The other people on my floor—the astrologer, the numismatist, the antiquarian bookseller—had gone home. In a funny way we all got along fine—marginalised semi-professionals trying to make a living in the face of scepticism, indifference and hostility. At various times we’d been close to getting together for a drink. Could have been fun, but it’d never happened.

The lights were off and as I turned on the stairwell ones they barely cut the gloom. Atmospheric. I let myself into the office. No light blinking on the answering machine but a fax had slid out and dropped to the floor. The tray had broken away some time back and that’s where the sheets finished up when I wasn’t around.

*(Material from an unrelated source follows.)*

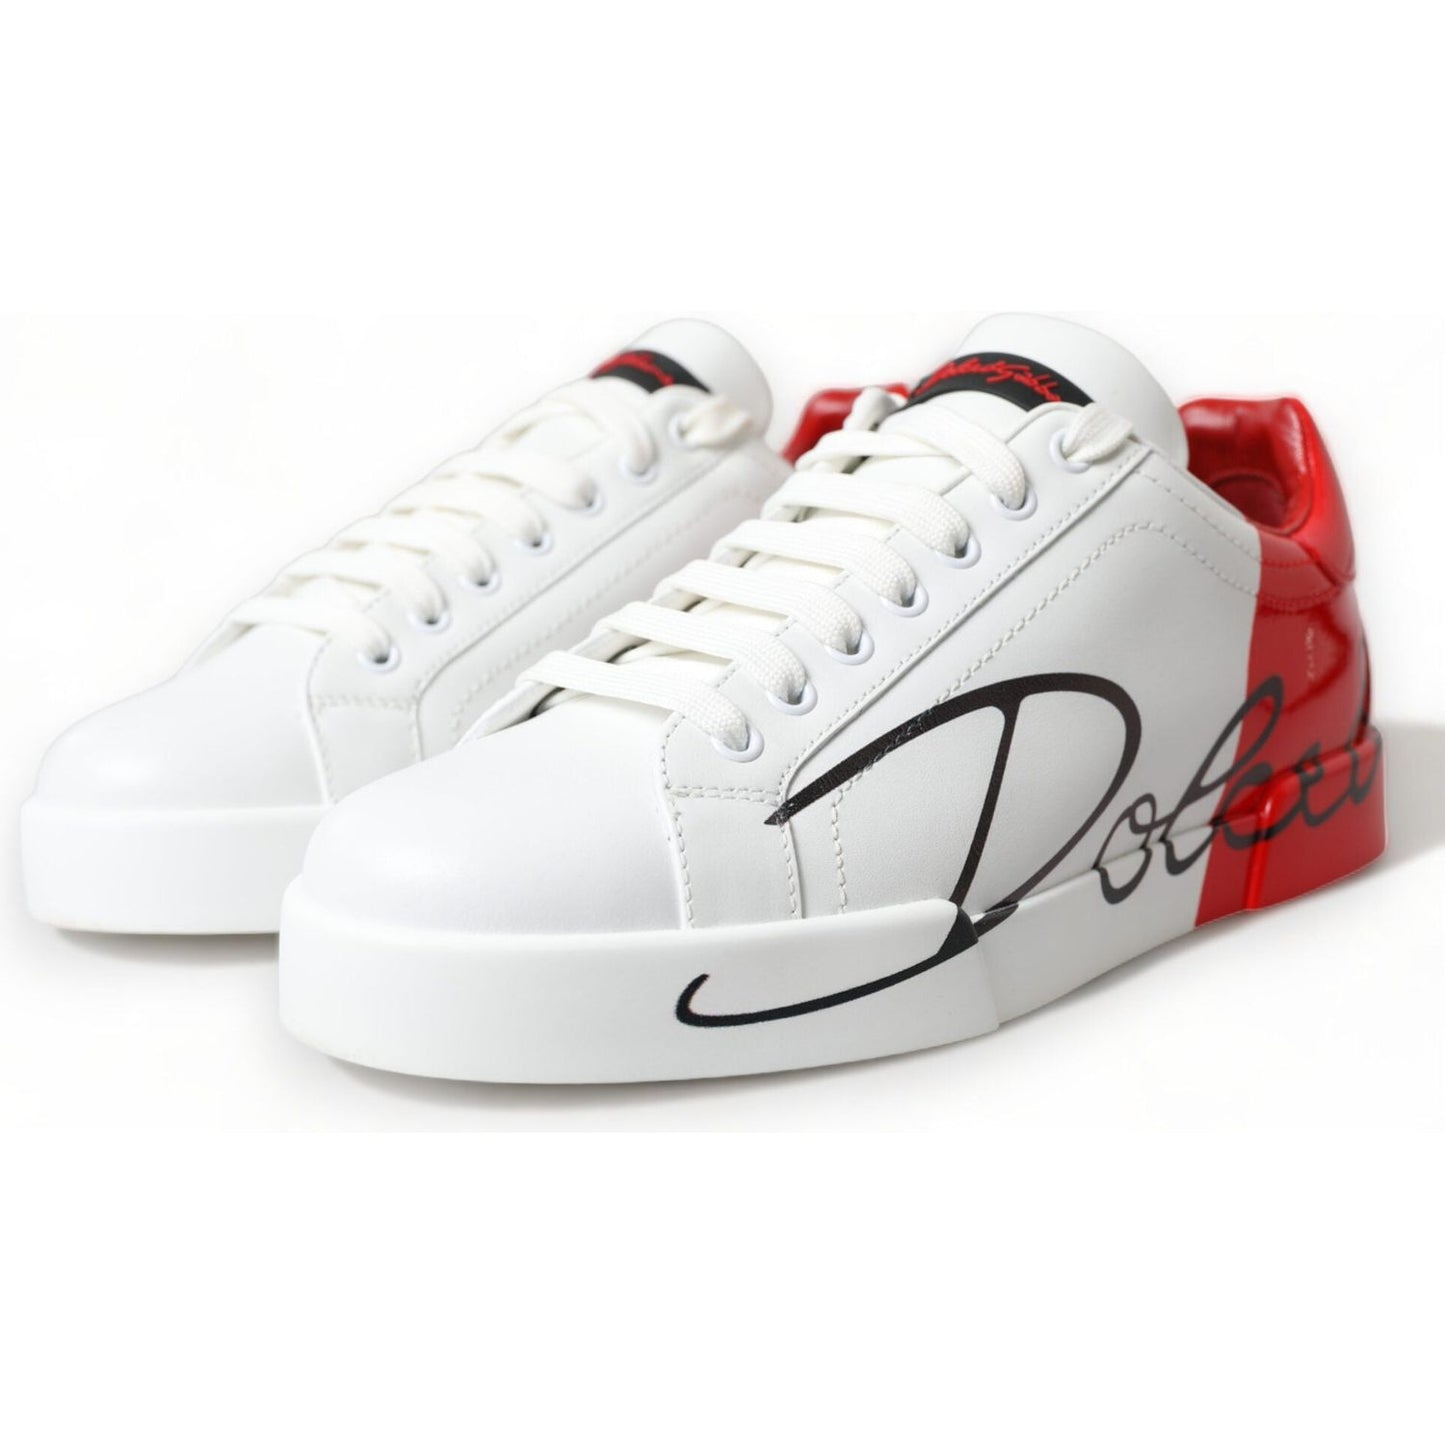 Dolce & Gabbana Chic Red and White Leather Sneakers white-red-leather-logo-low-top-sneakers-men-shoes
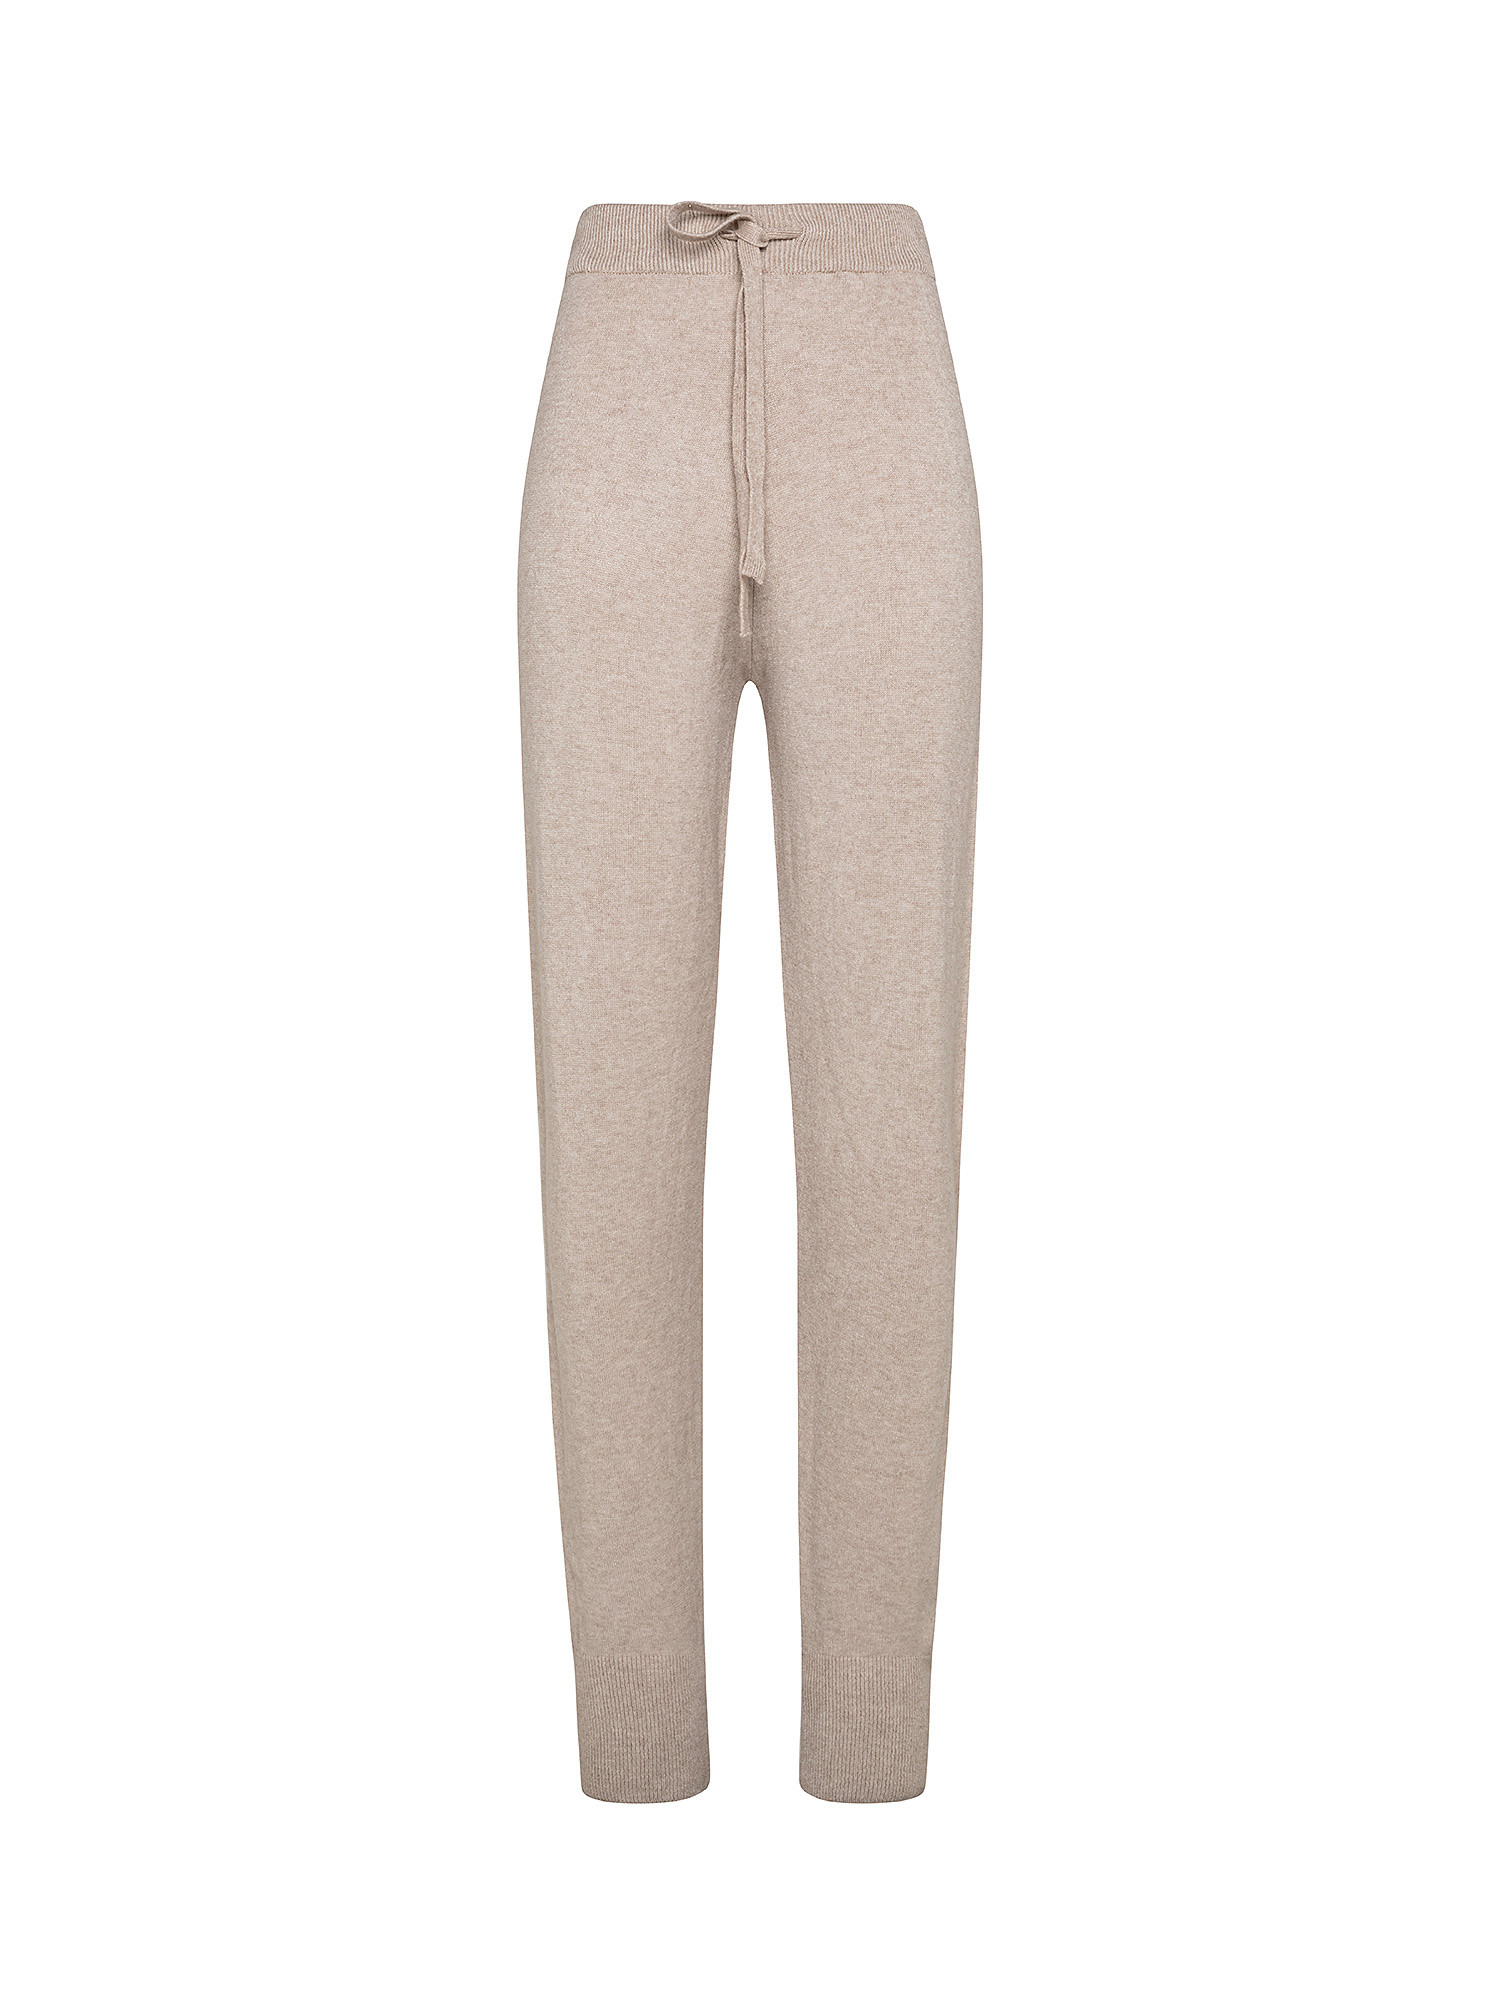 Pantalone in maglia, Beige, large image number 0

I picked it up and read it. Handwritten capitals: MR HARDY I’M VERY AFRAID OF THE POLICE AND EVERYTHING. PLEASE HELP ME. SARAH HAMPSHIRE.

part two
12

Watson rang me the next morning to say he’d okay’d it for me to talk to Sarah. I didn’t tell him that I’d faxed her the night before to say that arrangements were being made. The fax number was the same as the one for the Church Point house. The appointment was for midday—Sarah was absenting herself from school on compassionate grounds. From what I knew of her, that wouldn’t cause her too much concern.

I met Watson and a detective named Constable Kate Cafarella at the Mona Vale police station. Constable Cafarella had been spending some time with Sarah. Apparently a kindly neighbour, a Mrs Hartley, had been providing support—meals, laundry and such.

Cafarella was tall, beak-nosed, not unattractive.
Formidable
, as Pierre Fontaine might have said, but I couldn’t see her as someone frightening to Sarah, who seemed pretty tough in her own way.

Watson supplied the recording device and Cafarella watched as I stripped off my shirt and taped it into place. Watson seemed a little embarrassed.

‘Nothing else to do, Kate?’ he asked.

‘I thought I should bring Mr Hardy up to date on how things stand with Sarah.’

She wasn’t hopping up and down with excitement at my manly figure, but she showed an acceptable level of appreciation.

‘Thank you, Constable,’ I said. I flipped on the switch of the device as I buttoned up my shirt.

‘She came out of the sedation she’d been given at first, clear as bell,’ Cafarella said, ‘and we got nothing out of her. Nothing at all. Refused to answer the mildest of questions. Didn’t kick up a fuss—no tears, no orders to piss off. Just . . . blankness. No, I’d call it a brick wall.’